Related Research Discussions
Low angle-of-incidence (oblique) impacts have only recently
been the subject of scrutiny. This may well be due to the
identification of them in the imagery returned from
planetary missions. Once considered far outliers, new
estimates put them at ~5% of all impacts. Experimentation
in this area is constrained by the availability of testing
platforms, as the most commonly used rig can only go as
shallow as 15 degrees from horizontal, effectively
eliminating it as a tool to test out-of-orbit trajectories,
which can approach tangential.
We are presenting abstracts here which may be of interest
for further research.
Understanding Oblique
Impacts from Experiments, Observations, and Modeling
E. Pierazzo1 and H. J. Melosh1
1Lunar and Planetary Lab., University of Arizona, 1629 E.

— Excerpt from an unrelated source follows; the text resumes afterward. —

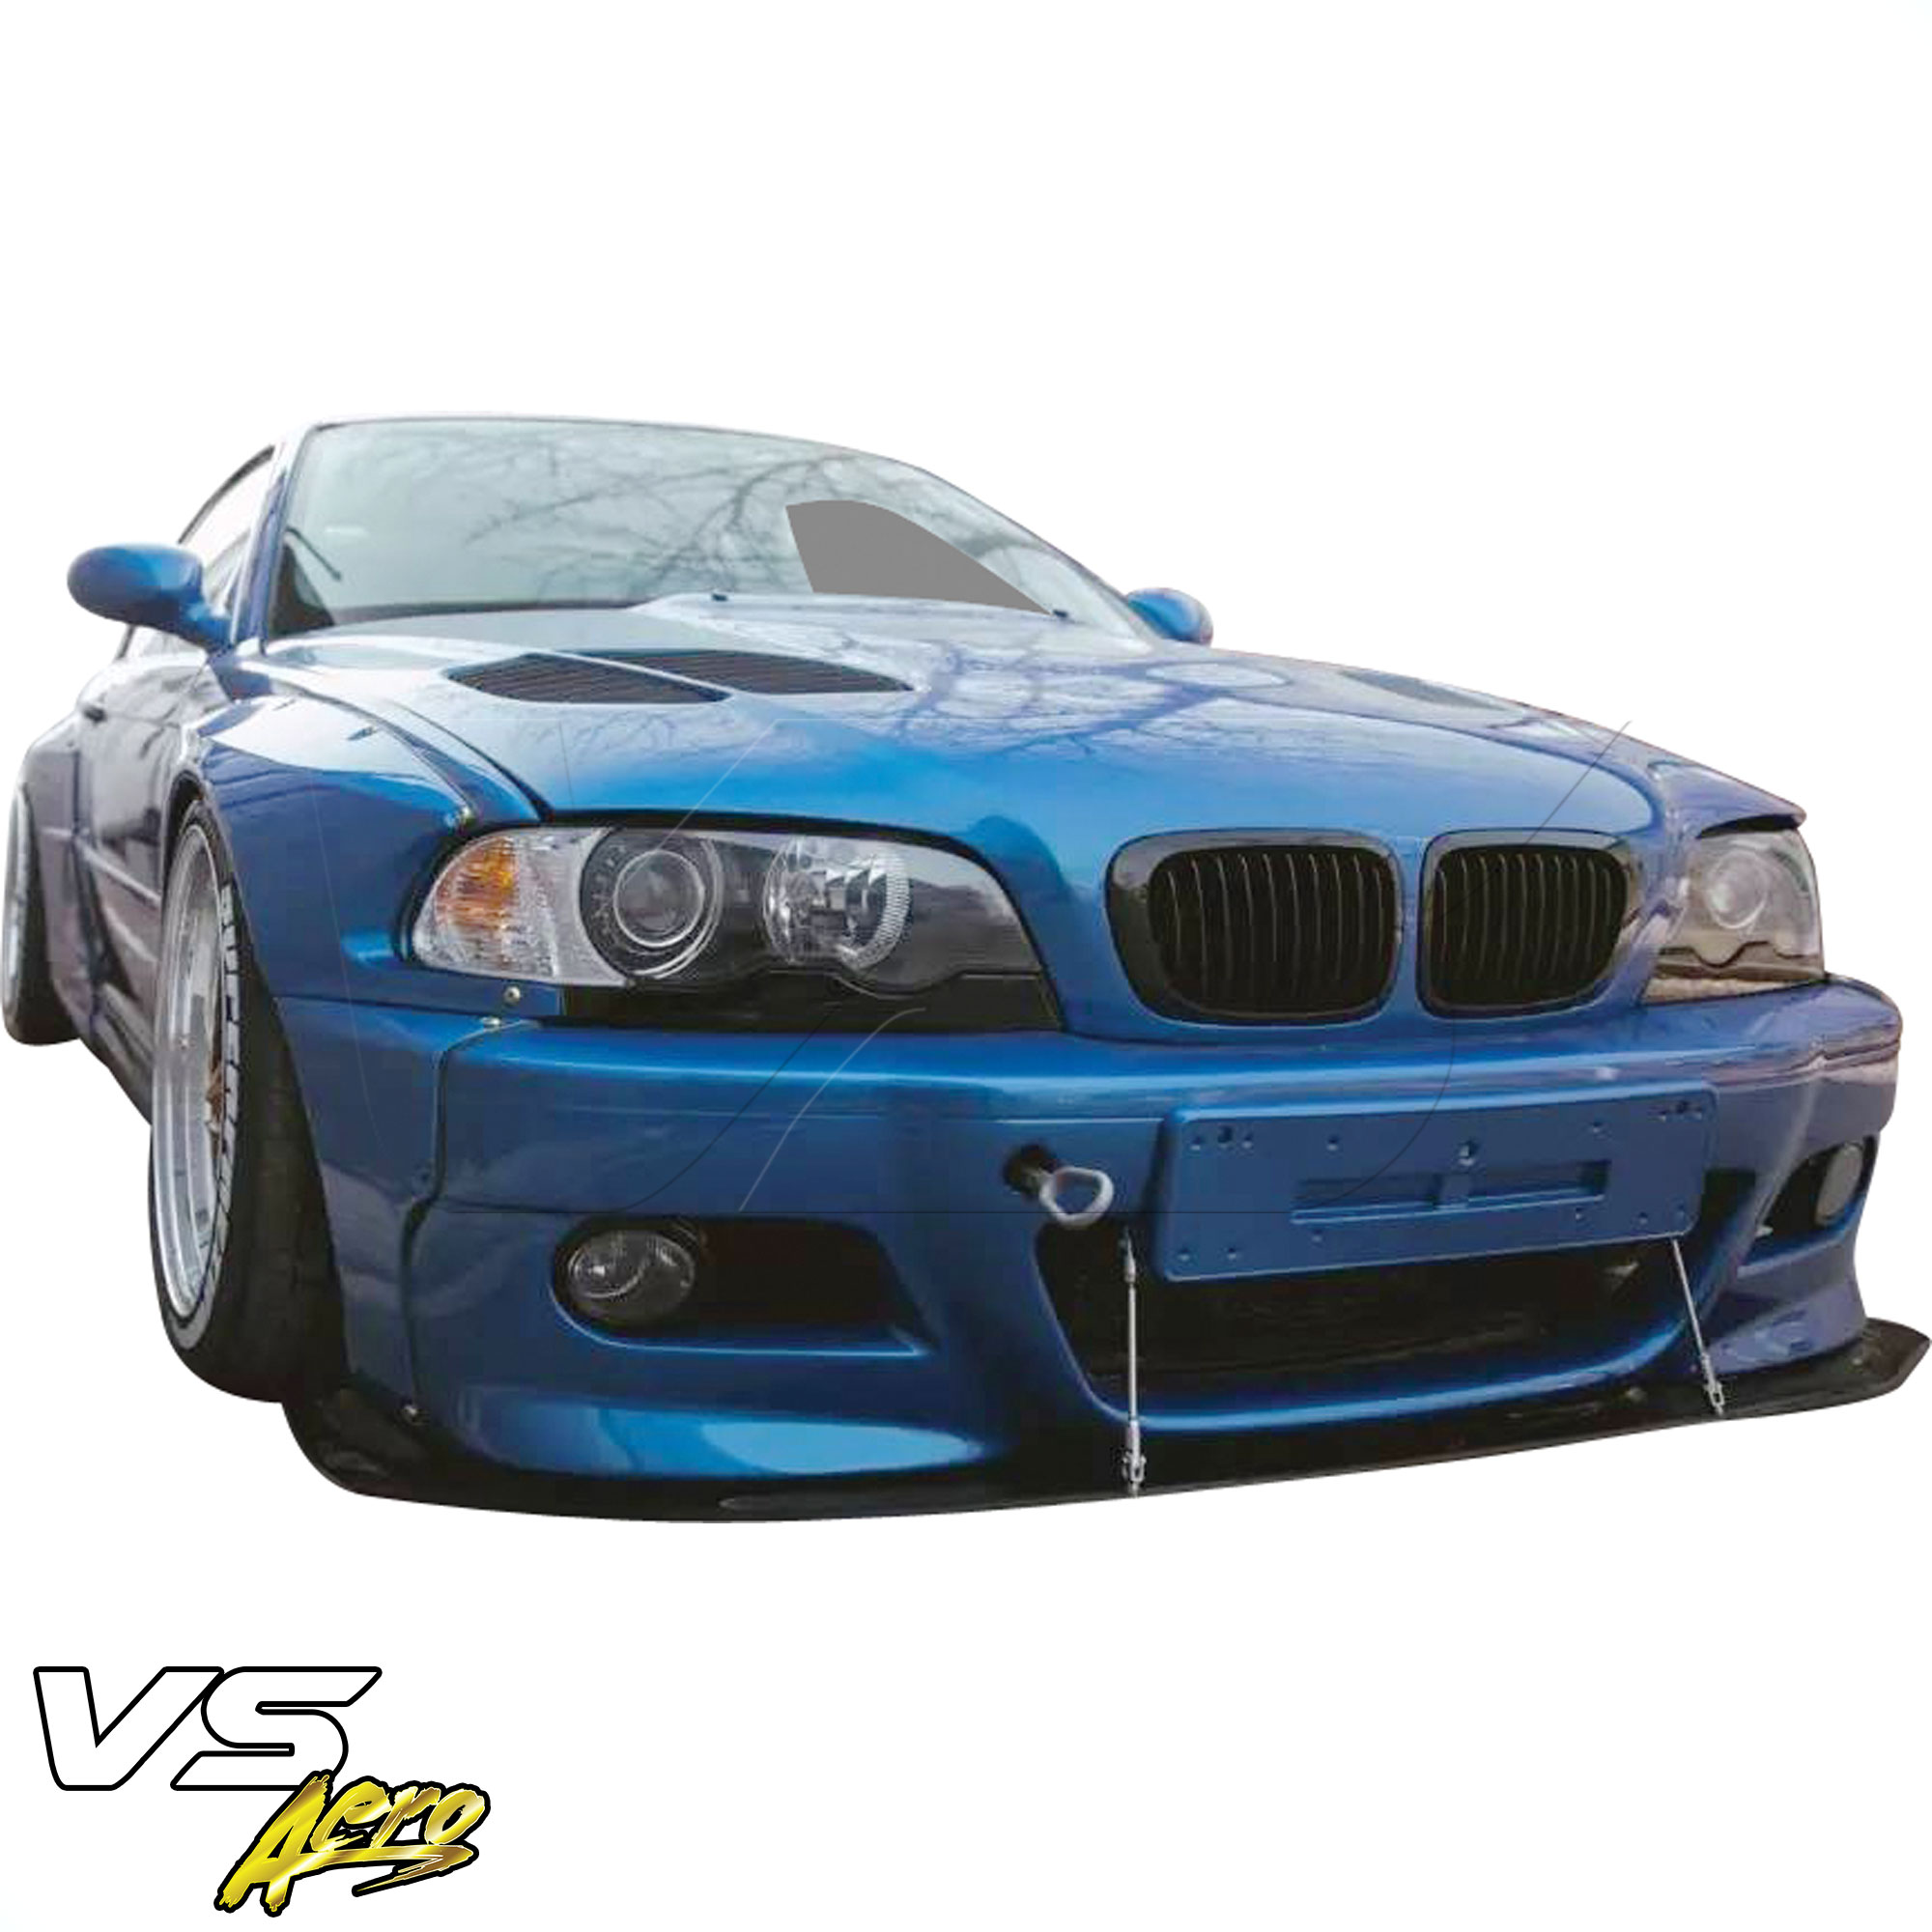 VSaero FRP TKYO Wide Body Front Lip > BMW 3-Series 325Ci 330Ci E46 1999-2001 > 2dr Coupe - Image 4

University Blvd., Tucson, Arizona, 84721; email:
betty@lpl.arizona.edu , jmelosh@lpl.arizona.edu
Annual Review of Earth and Planetary Sciences
Vol. 28: 141-167 (Volume publication date May 2000)
(doi:10.1146/annurev.earth.28.1.141)
Abstract
Natural impacts in which the projectile strikes the target
vertically are virtually nonexistent. Nevertheless, our
inherent drive to simplify nature often causes us to
suppose most impacts are nearly vertical. Recent
theoretical, observational, and experimental work is
improving this situation, but even with the current wealth
of studies on impact cratering, the effect of impact angle
on the final crater is not well understood. Although
craters’ rims may appear circular down to low impact
angles, the distribution of ejecta around the crater is
more sensitive to the angle of impact and currently serves
as the best guide to obliquity of impacts. Experimental
studies established that crater dimensions depend only on
the vertical component of the impact velocity. The shock
wave generated by the impact weakens with decreasing impact
angle. As a result, melting and vaporization depend on
impact angle; however, these processes do not seem to
depend on the vertical component of the velocity alone.
Finally, obliquity influences the fate of the projectile:
in particular, the amount and velocity of ricochet are a
strong function of impact angle.
Azimuthal impact
directions from oblique impact crater
morphology
Wallis, D; Burchell, M J; Cook, A C; Solomon, C J and
McBride, N (2005). Azimuthal impact directions from oblique
impact crater morphology. Monthly Notices of the Royal
Astronomical Society, 359(3), pp. 1137–1149.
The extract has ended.